DATA PROVIDED:
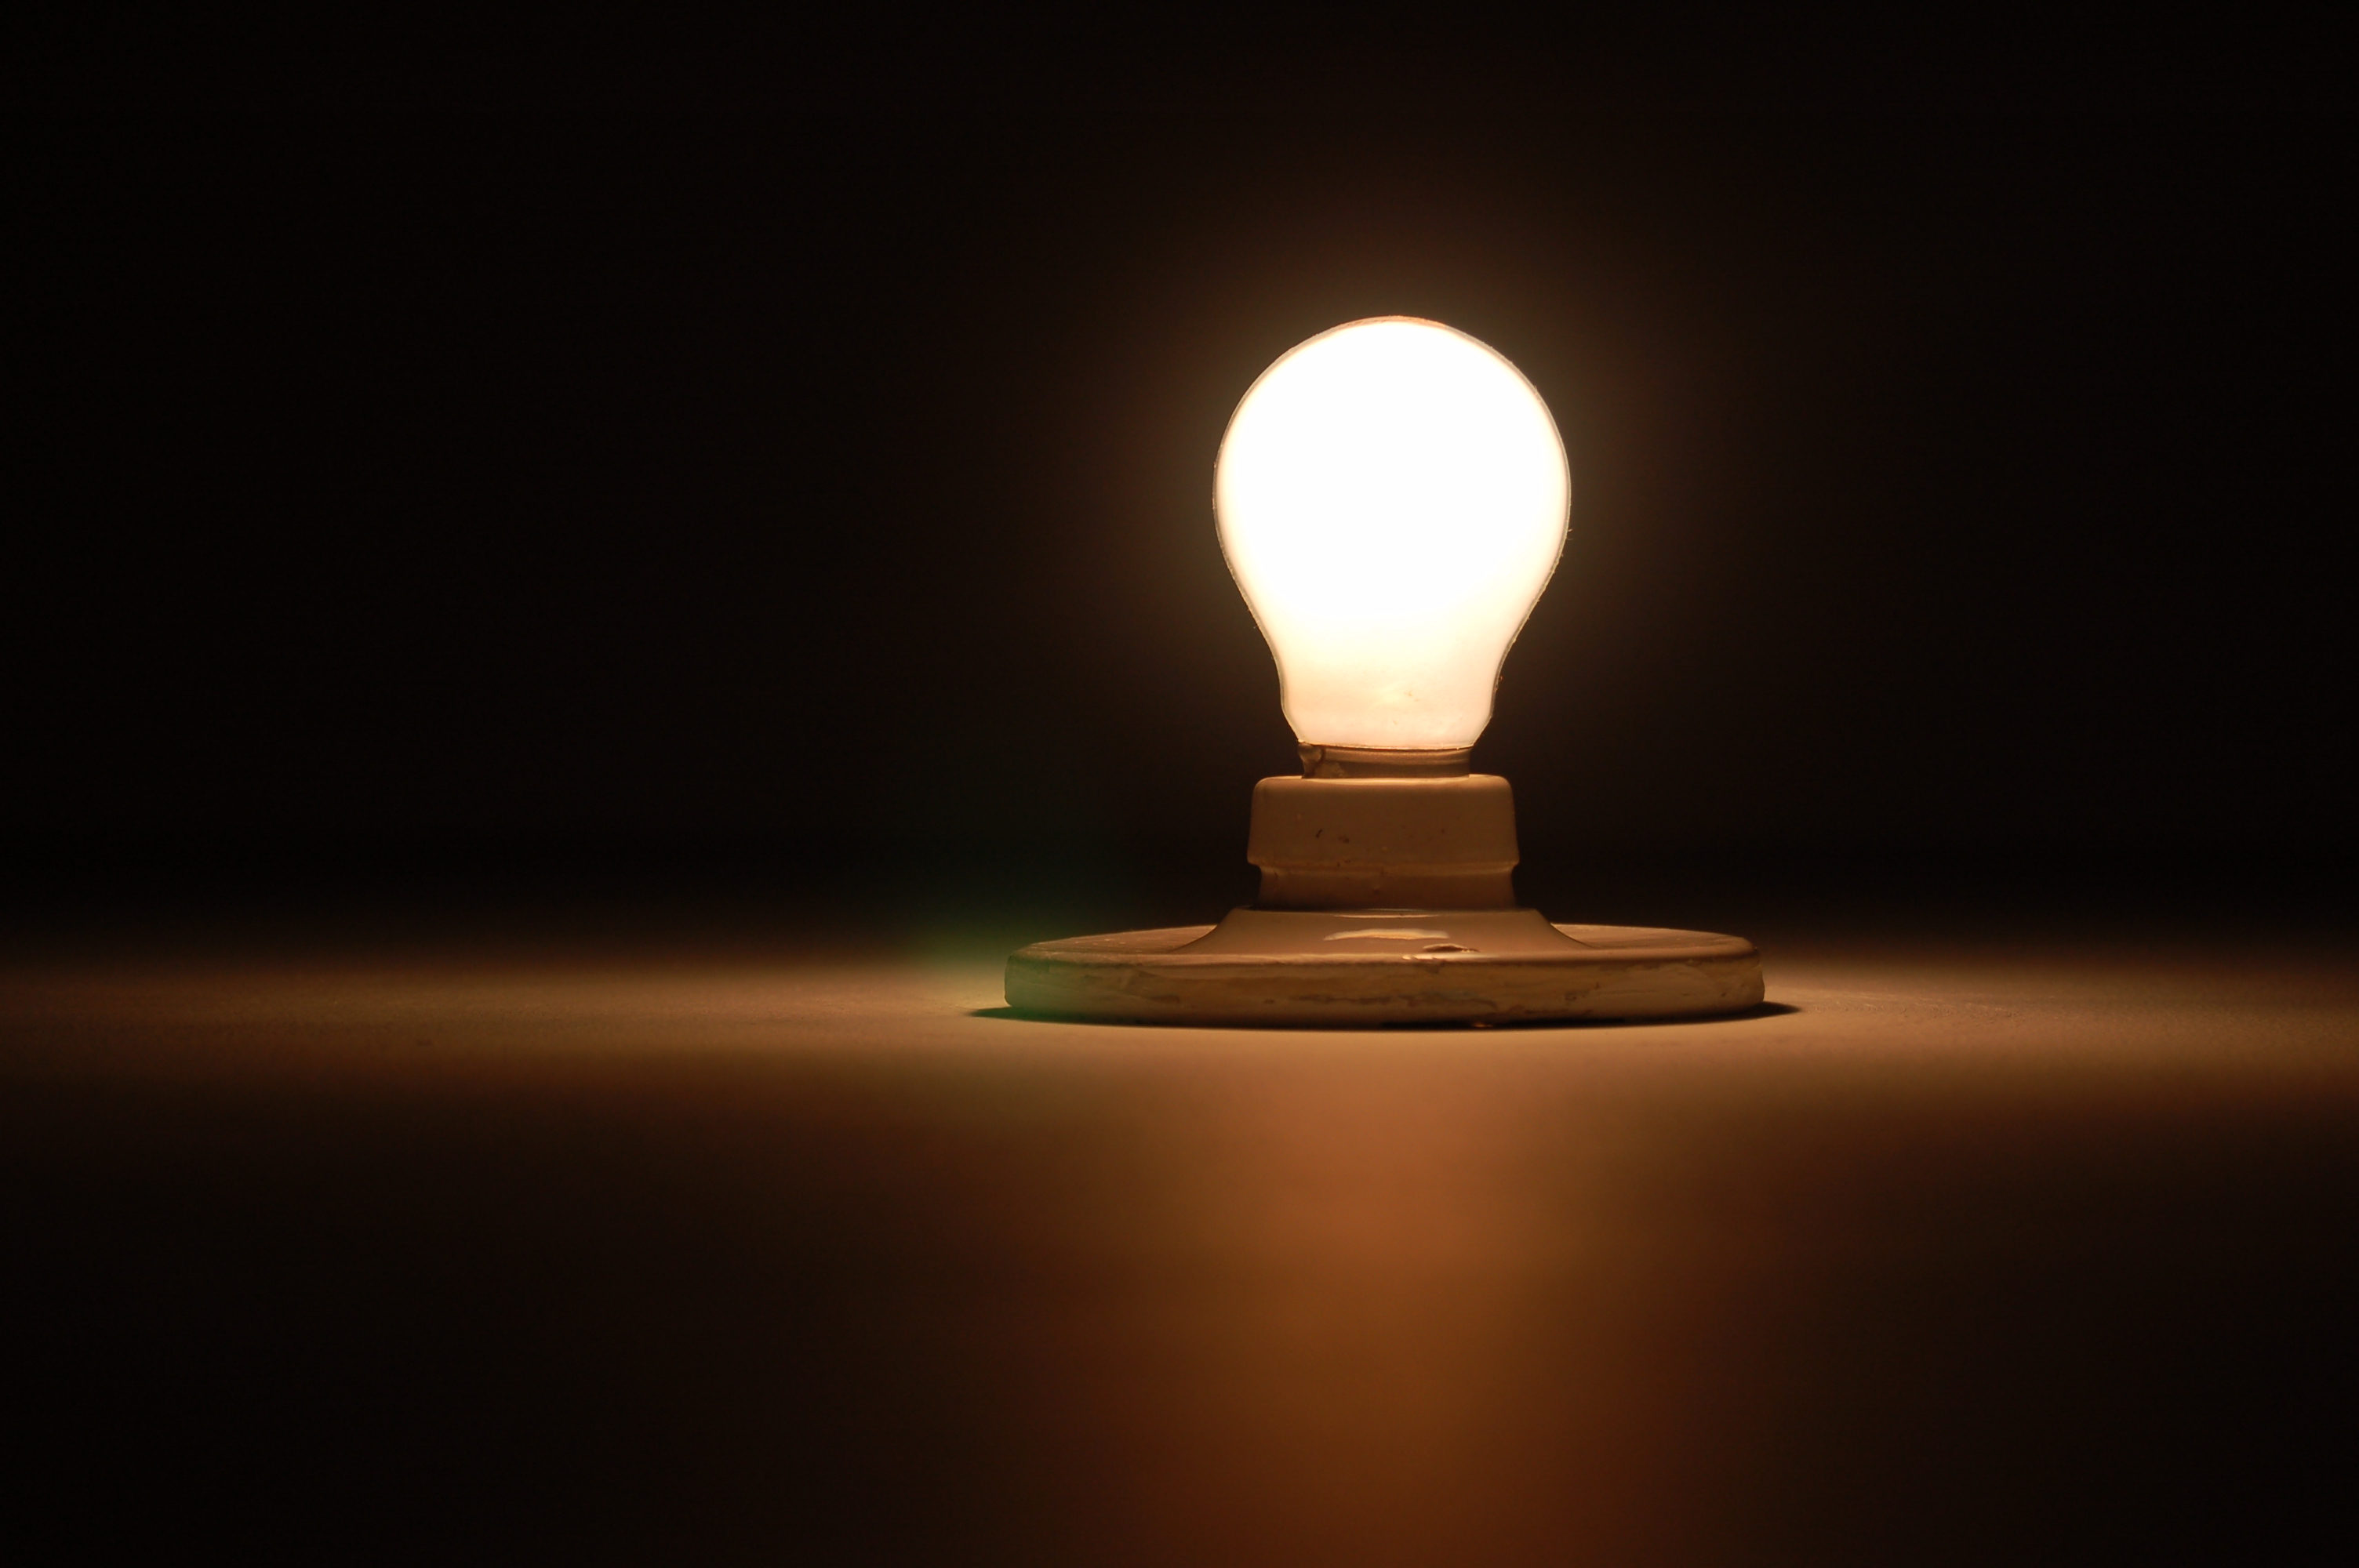 Shining lightbulb in a dark room
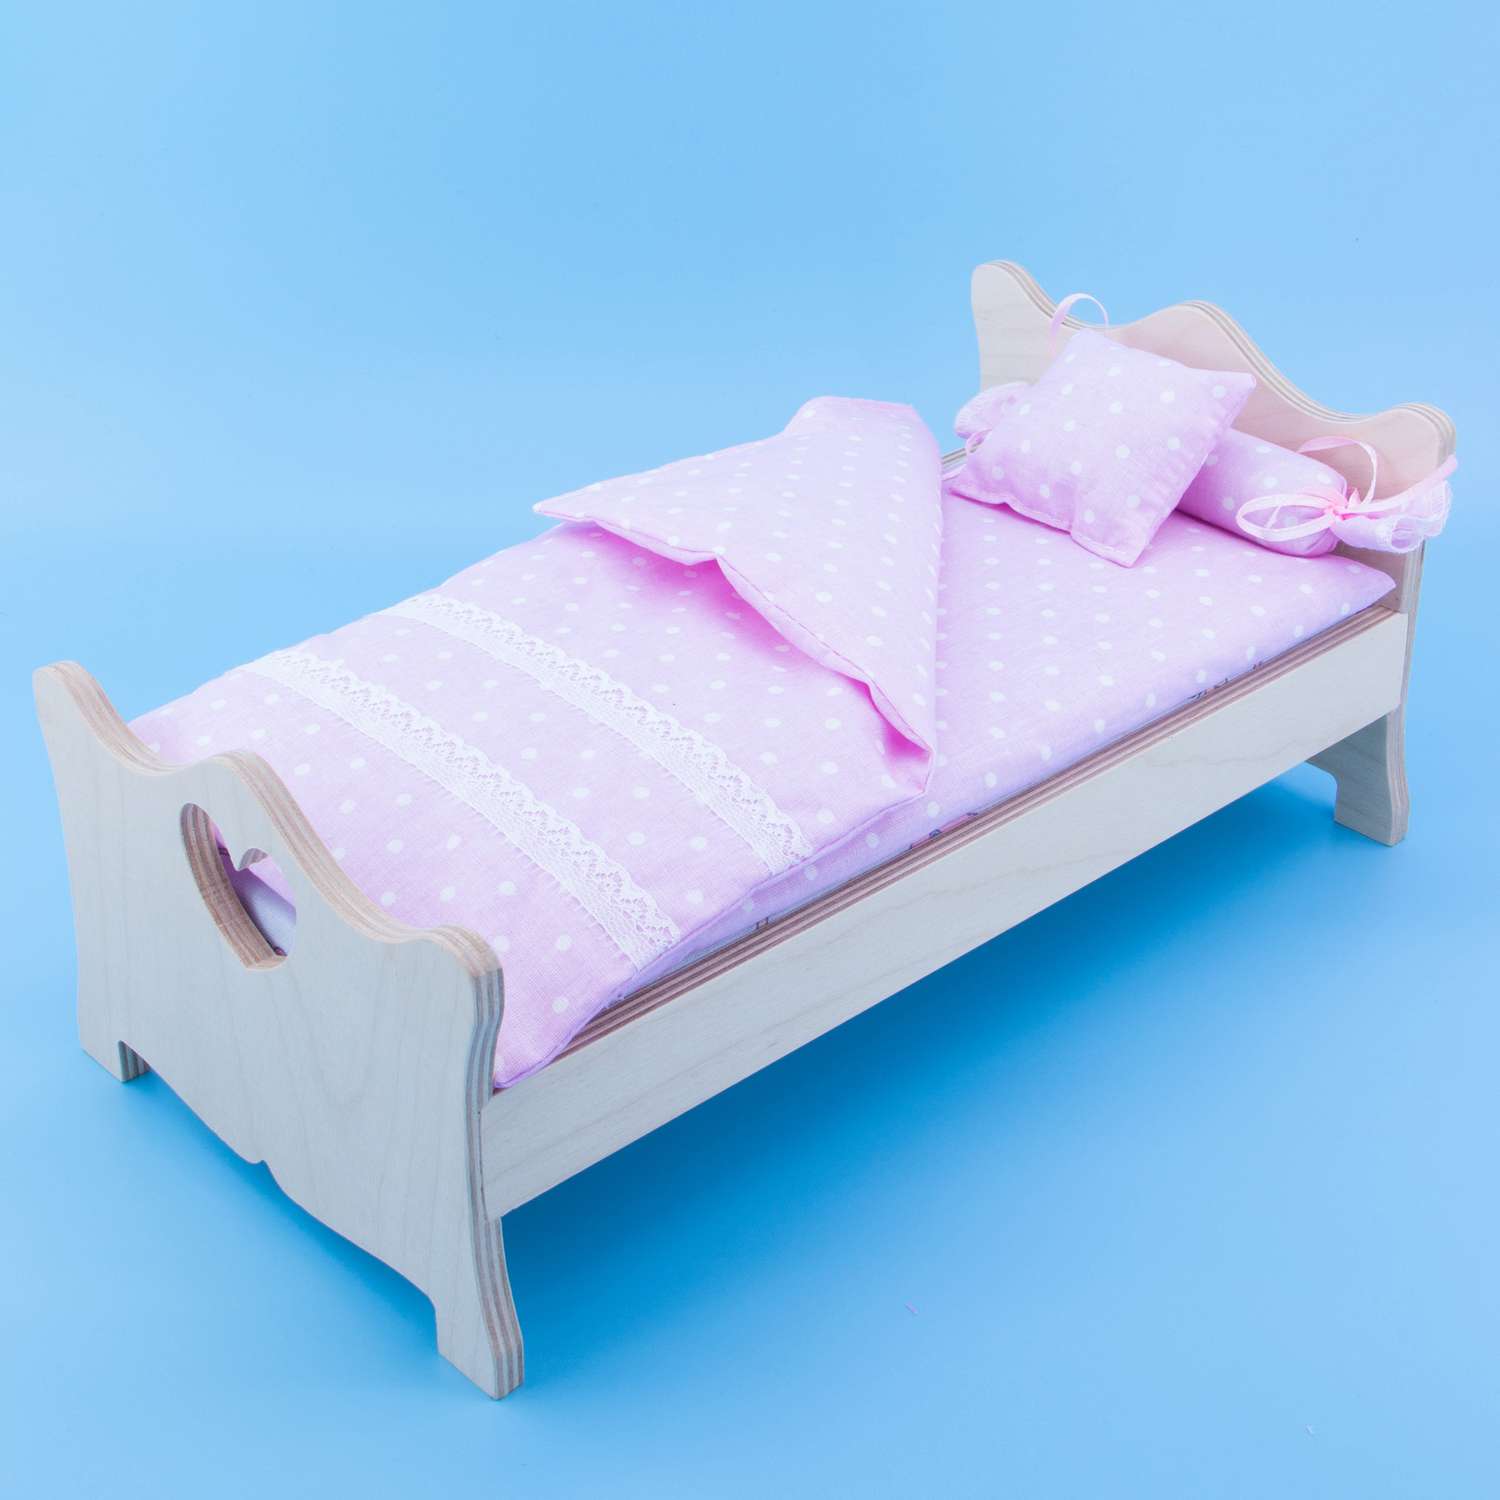 Комлпект постельного белья Модница для куклы 29 см пастельно-розовый 2002пастельно-розовый - фото 9
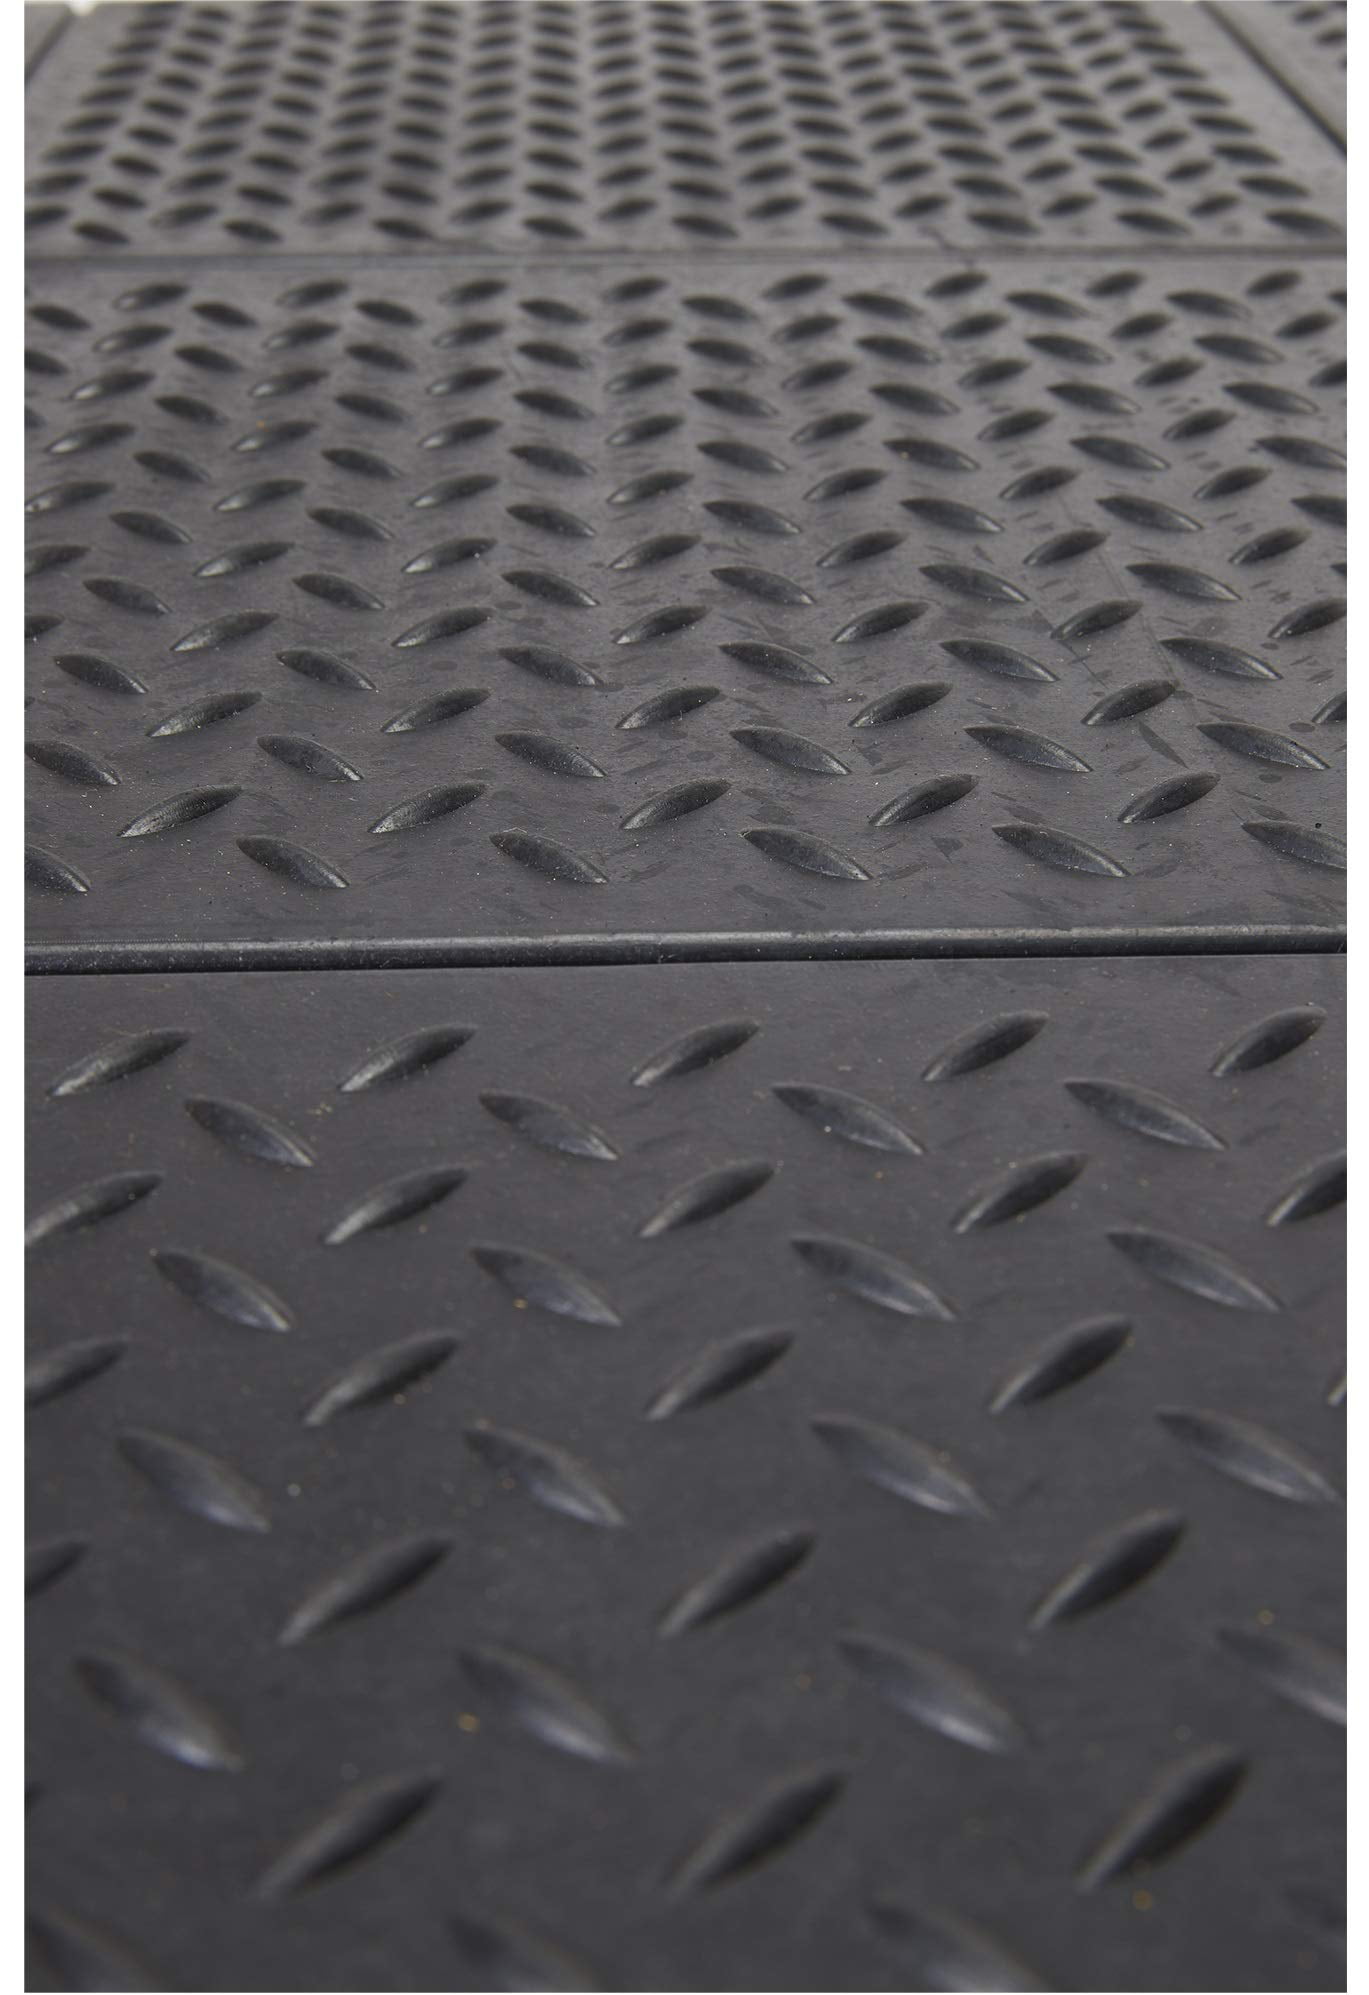 New Envelor Indoor/Outdoor Rubber Anti Fatigue Floor Mat 36 X 60 Inch  Non-Slip Bar Drain - Door Mats - Hudsonville, Michigan, Facebook  Marketplace

WHAT IS REQUIRED: Retype all of the material above exactly; the pictures stay out.

TASK ANSWER:
 Shining lightbulb in a dark room
 Комлпект постельного белья Модница для куклы 29 см пастельно-розовый 2002пастельно-розовый - фото 9
 New Envelor Indoor/Outdoor Rubber Anti Fatigue Floor Mat 36 X 60 Inch  Non-Slip Bar Drain - Door Mats - Hudsonville, Michigan, Facebook  Marketplace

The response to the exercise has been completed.